We support the following use cases:
- Synthesis of training data for document QA
- Automatically constructing high-quality Q&A pairs from provided text
The main stages of the pipeline include:
- Content selection: choose representative content from large volumes of text as the basis for Q&A generation.

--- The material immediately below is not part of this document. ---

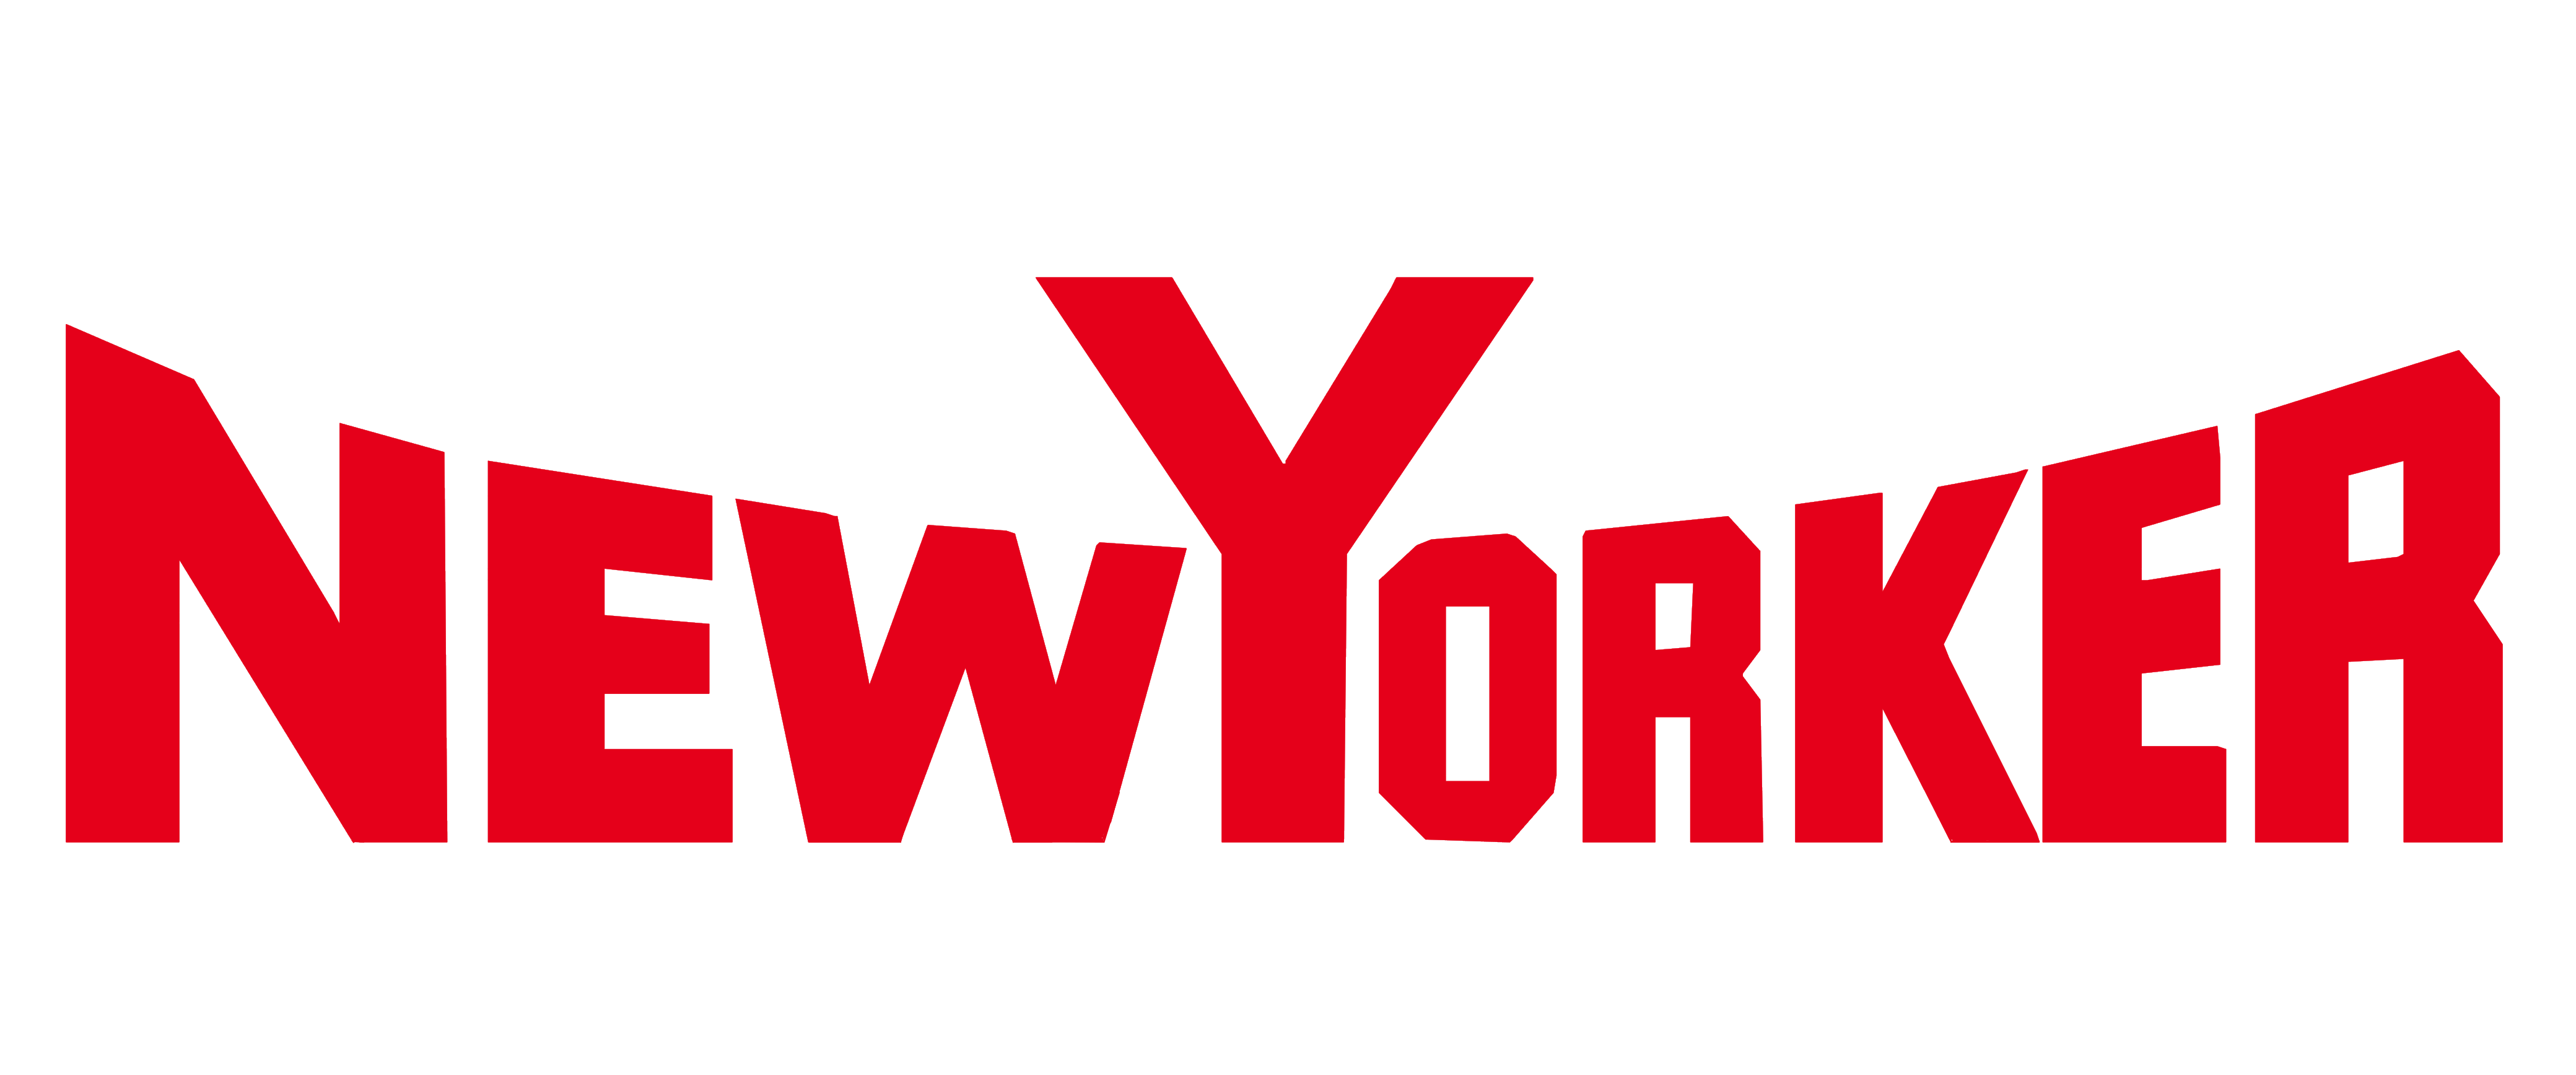 New Yorker logo (NewYorker) - Newyorker PNG

- Q&A generation: generate questions and answers based on text content.
- Quality evaluation: score and provide feedback on Q&A pairs across multiple dimensions.
2. Quick Start
Step 1: Install dataflow
pip install open-dataflowStep 2: Create a new dataflow workspace
mkdir run_dataflow
cd run_dataflowStep 3: Initialize Dataflow
dataflow initYou will see
run_dataflow/pipelines/api_pipelines/text2qa_pipeline.pyStep 4: Set your API key and api_url
For Linux and macOS
export DF_API_KEY="sk-xxxxx"For Windows
$env:DF_API_KEY = "sk-xxxxx"In text2qa_pipeline.py, set api_url like:
self.llm_serving = APILLMServing_request(
api_url="https://api.openai.com/v1/chat/completions",
model_name="gpt-4o",
max_workers=1
)Step 5: One-click run
python pipelines/api_pipelines/text2qa_pipeline.pyYou can also run any other pipeline script as needed; the process is similar. Below we introduce the operators used in the pipeline and how to configure them.
3. Data Flow and Pipeline Logic
1. Input Data
The pipeline input includes the following fields:
- text: raw text content
Inputs can be stored in designated files (such as json or jsonl) and managed and read via the FileStorage object. In the provided example, the default data path is loaded; in practice, you can modify the path to load custom data and cache paths:
self.storage = FileStorage(
first_entry_file_name="../example_data/core_text_data/pipeline_small_chunk.json",
cache_path="./cache_local",
file_name_prefix="dataflow_cache_step",
cache_type="json",
)2. Content Selection (KCenterGreedyFilter)
2.1 Sampling
The first step is to use the Sampling operator (KCenterGreedyFilter) to select a portion of text content from a large dataset. This step is crucial because it determines which text content will be used in the subsequent generation process.
Functionality:
- Identify and select representative text content from a set of textual contexts
Input: Original text content
Output: Selected text content
self.llm_serving = APILLMServing_request(
api_url="https://api.openai.com/v1/chat/completions",
model_name="gpt-4o",
max_workers=1
)
embedding_serving = APILLMServing_request(
api_url="https://api.openai.com/v1/embeddings",
model_name="text-embedding-ada-002",
max_workers=100
)
self.content_chooser_step1 = KCenterGreedyFilter(embedding_serving=embedding_serving, num_samples=5)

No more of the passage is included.